Il reste un moment sur le pas, puis s’avance pour prendre avec retard la main qui s’allonge devant lui. Domitien est littéralement plié en deux.

«Voyez-vous, cher monsieur, les civilisations d’extrême-Orient sont admirables. Là-bas, quand on reçoit quelqu’un, on s’incline pour marquer sa déférence.

— Écoutez, je ne suis pas venu pour la causette…

— Bien sûr, cher monsieur, bien sûr. Je suis simplement très touché que le grand explorateur que vous êtes ait accepté mon invitation.»

Il l’invite à s’asseoir et prend un cigarillo.

«Permettez… Comme vous le savez, cet immeuble est désormais un espace de liberté pour les fumeurs.

— La fumée me dérange.

— Bien sûr, bien sûr. Excusez-moi.»

Il replace son cigarillo dans sa boîte en tôle “Le Diplomate”, range la boîte dans un tiroir et reprend.

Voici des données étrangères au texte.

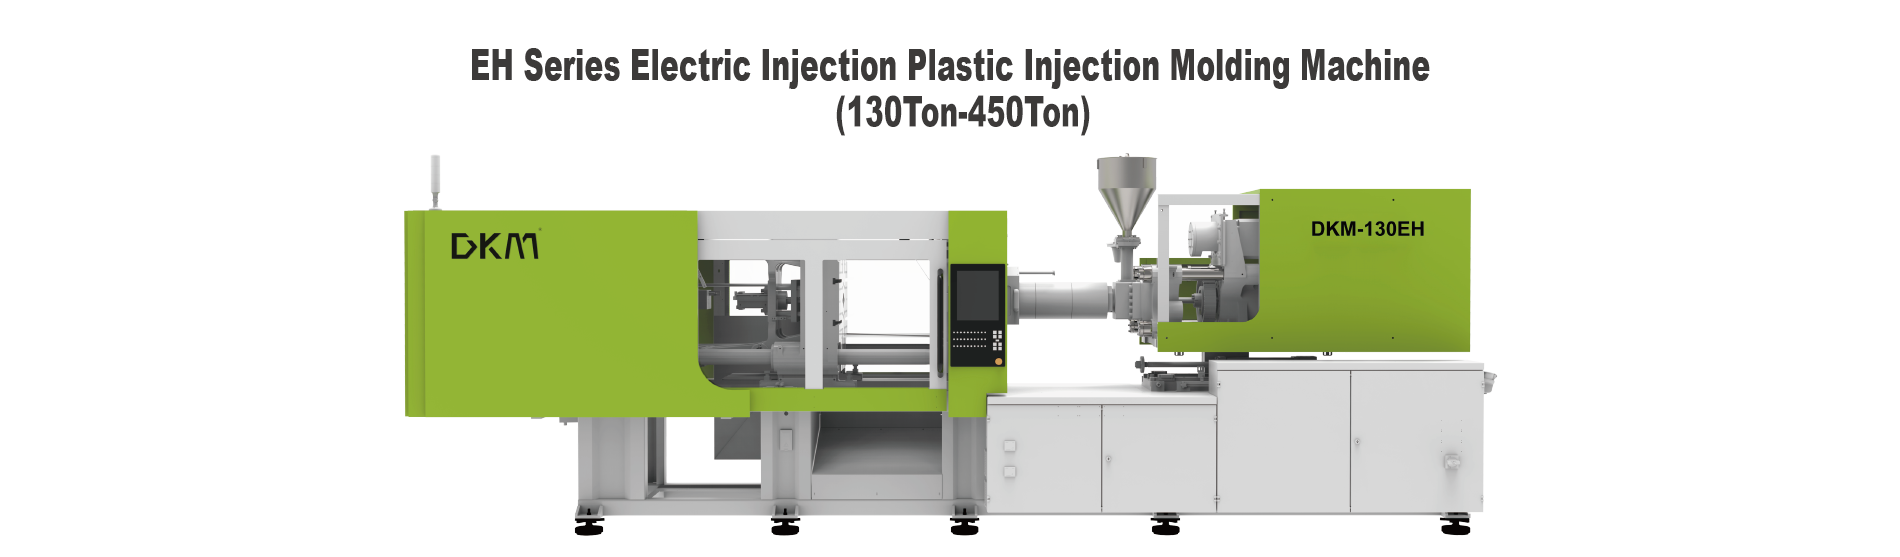 Electric Injection Molding Machine-EH Series
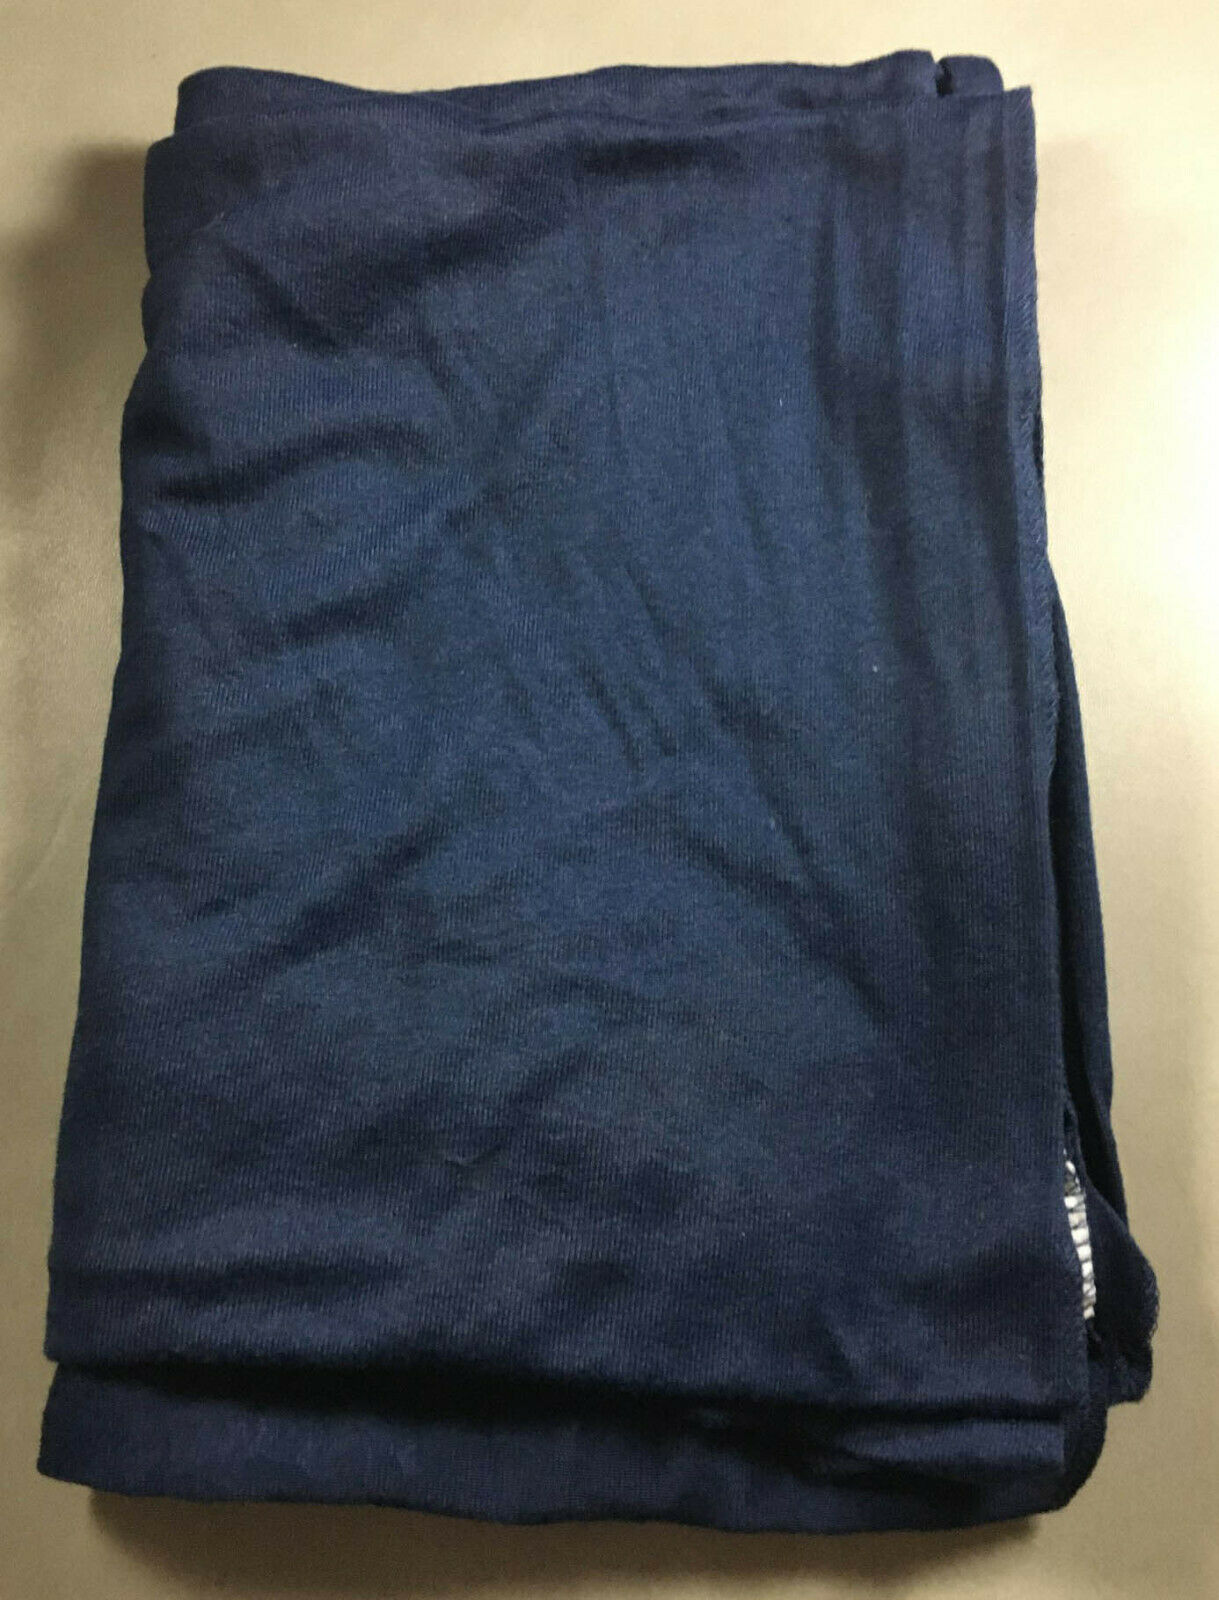 Us Airways Blue Polyester In Flight Blanket 52”x36” With Property Tag

«Monsieur Bardamu, j’ai lu plusieurs de vos livres. Je les trouve d’une grande acuité de jugement… Vous avez parcouru le monde, vous avez côtoyé de nombreuses civilisations…»

Bardamu se redresse sur sa chaise, tendu comme un arc, et ne perd pas de vue Domitien  qui arpente son bureau devant lui.

«J’apprécie grandement ce regard que vous portez sur notre civilisation. Ce mélange de pessimisme et d’ironie… D’ironie pessimiste…

— L’ironie est ce qui reste au pessimiste, tranche Bardamu. Et notre présence ensemble dans ce bureau prouve que c’est bien tout le peu qui me reste.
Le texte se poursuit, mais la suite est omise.